Kyverno versions 1.16.0 and later expose an SSRF flaw through unrestricted Common Expression Language (CEL) HTTP functions. An attacker who can influence or inject a CEL expression may cause the Kyverno controller to issue arbitrary HTTP requests to any IP address reachable from the cluster. This can lead to data exfiltration, discovery of internal services, or further lateral movement. The core weakness is an unchecked HTTP call capability embedded in policy evaluation, enabling malicious payloads to force requests to privileged internal endpoints.

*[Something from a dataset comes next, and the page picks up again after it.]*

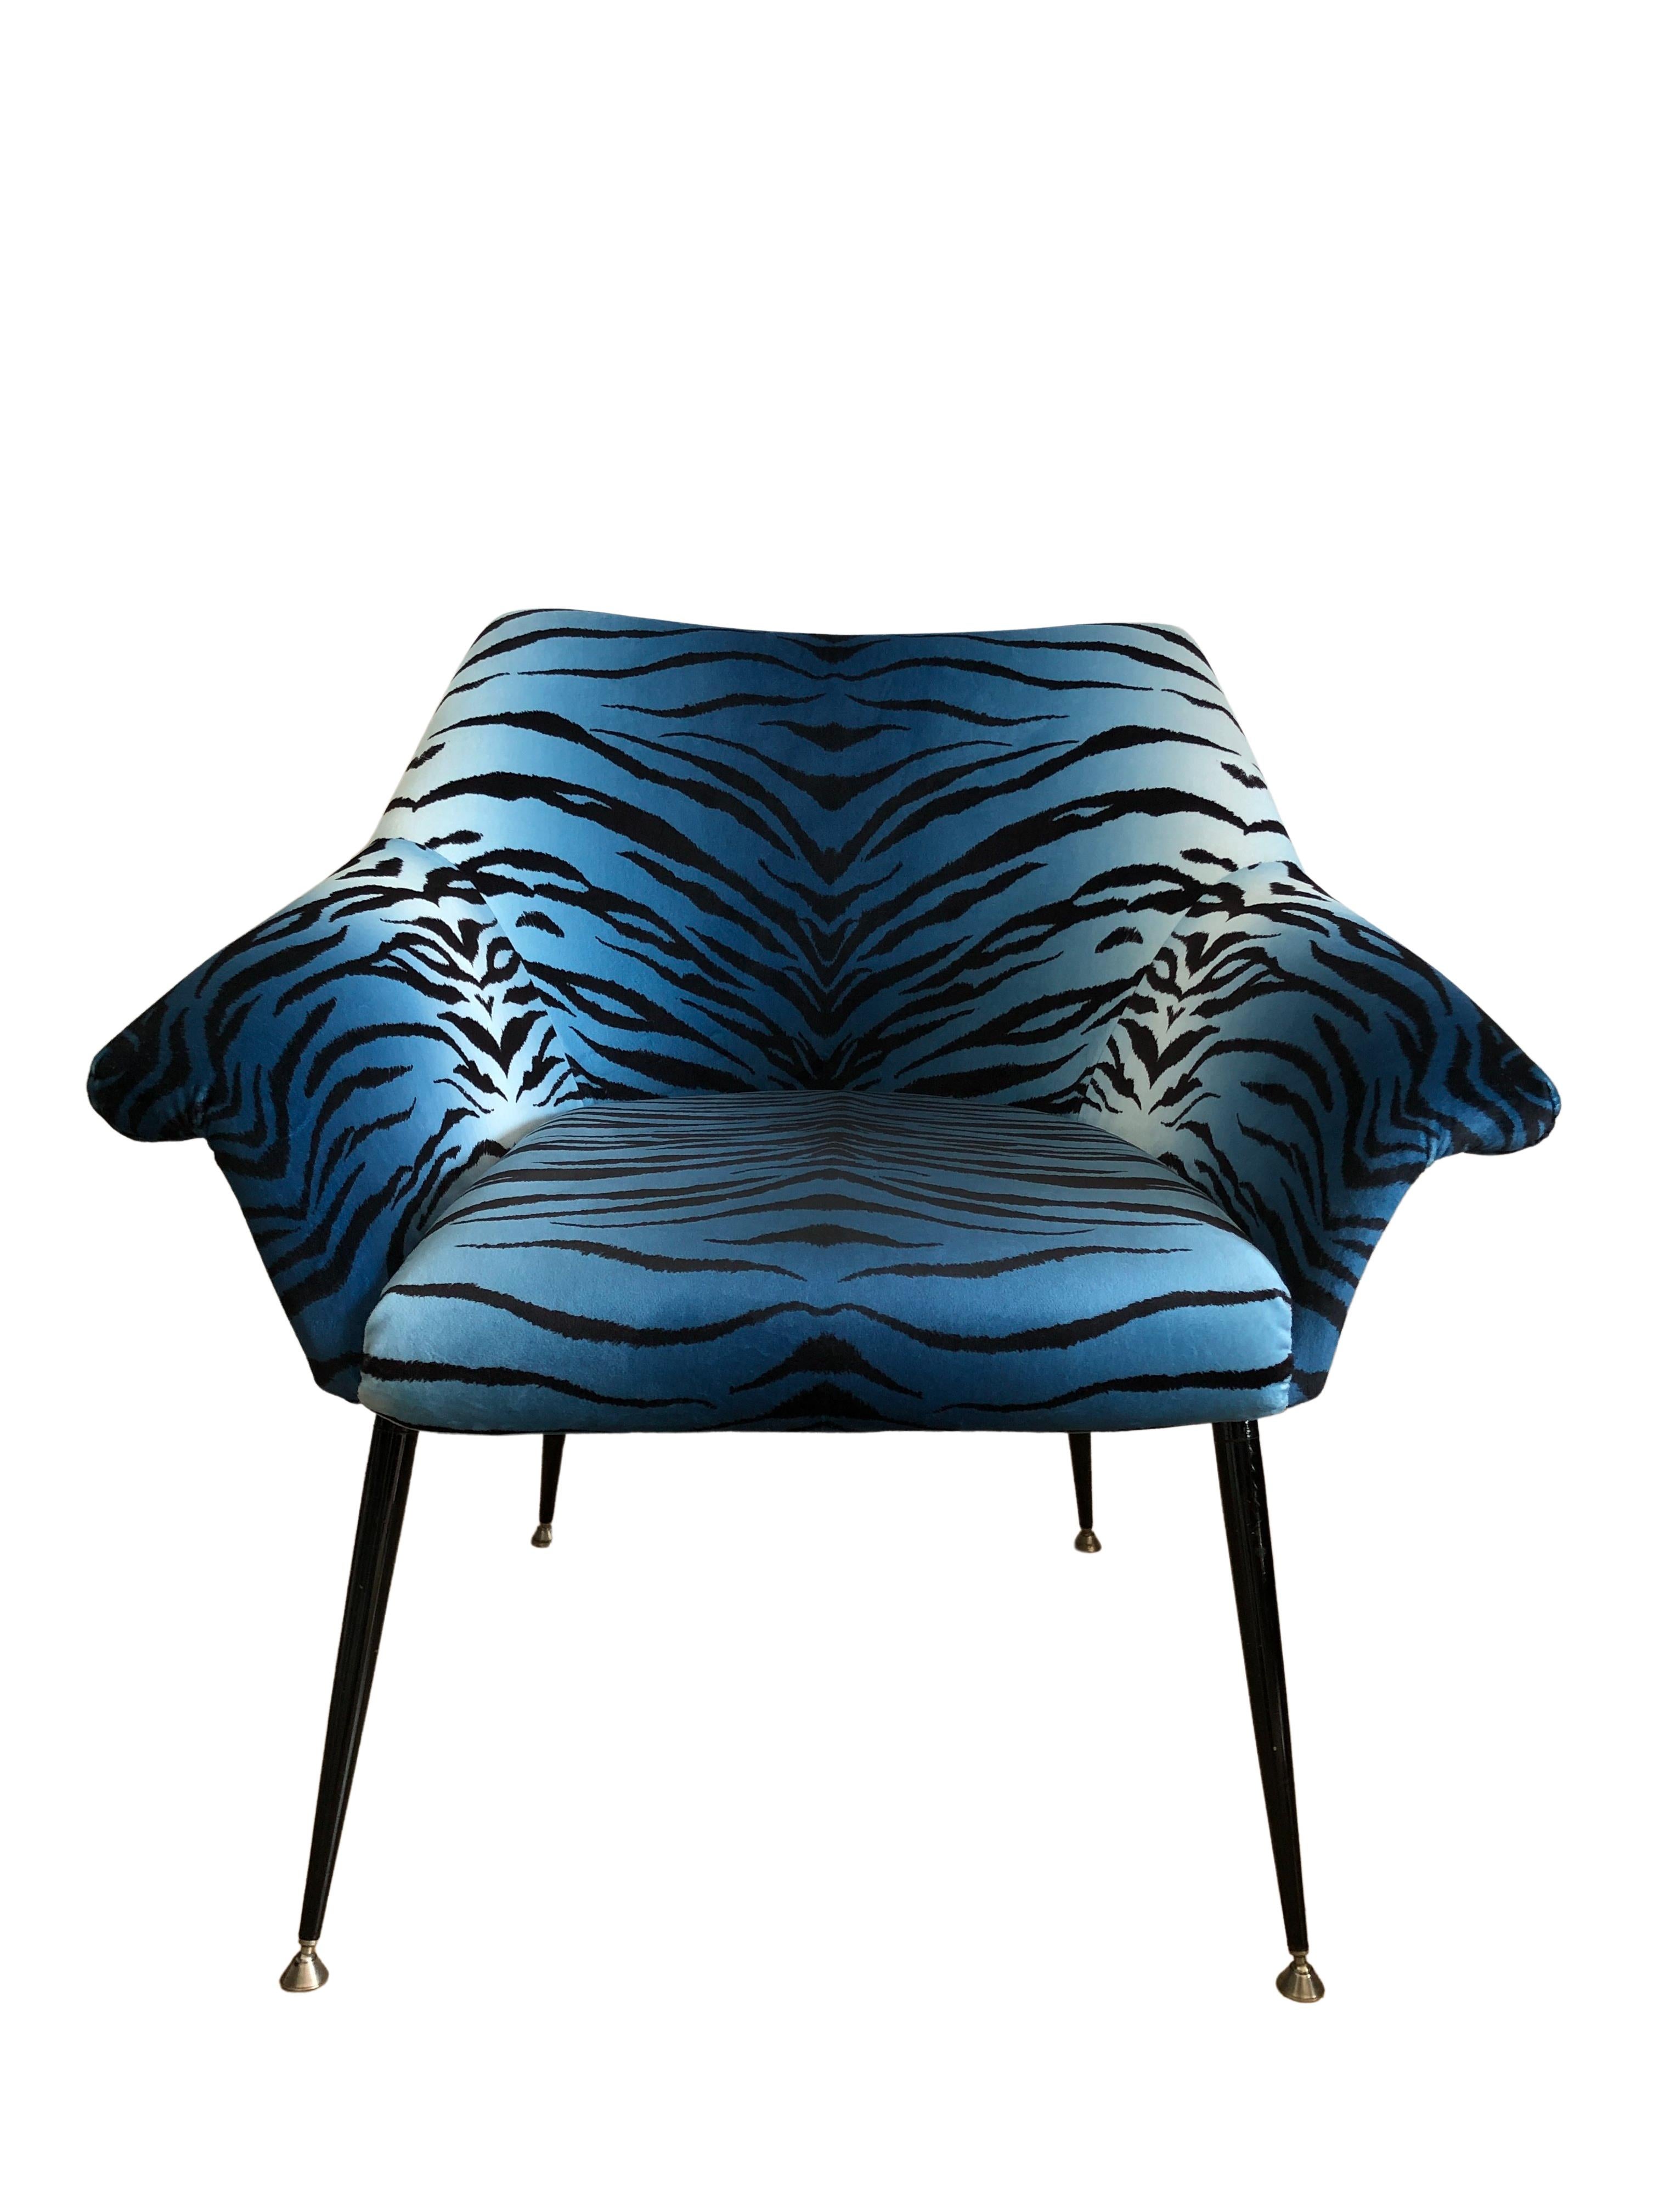 Mid-Century Modern Midcentury Armchair, in Blue Zebra Print Velvet, Europe, 1960s For Sale

The vulnerability affects Kyverno, the Kubernetes policy engine. All releases from 1.16.0 onward are impacted until a fix that limits or disables the CEL HTTP function is applied. No specific sub‑versions are excluded; any installation running an affected version is at risk.

Official risk scoring is not available, but the nature of SSRF implies that confidentiality and availability risks could be significant, especially in environments with open internal services. The lack of an EPSS value does not preclude exploitation; attackers can craft a policy that triggers the vulnerable function. Because the vulnerability relies on an input that an attacker can control (policy or admission review), the attack requires knowledge of Kyverno deployment, but once present it can be exploited with minimal effort. The vulnerability is not listed in the KEV catalog at this time.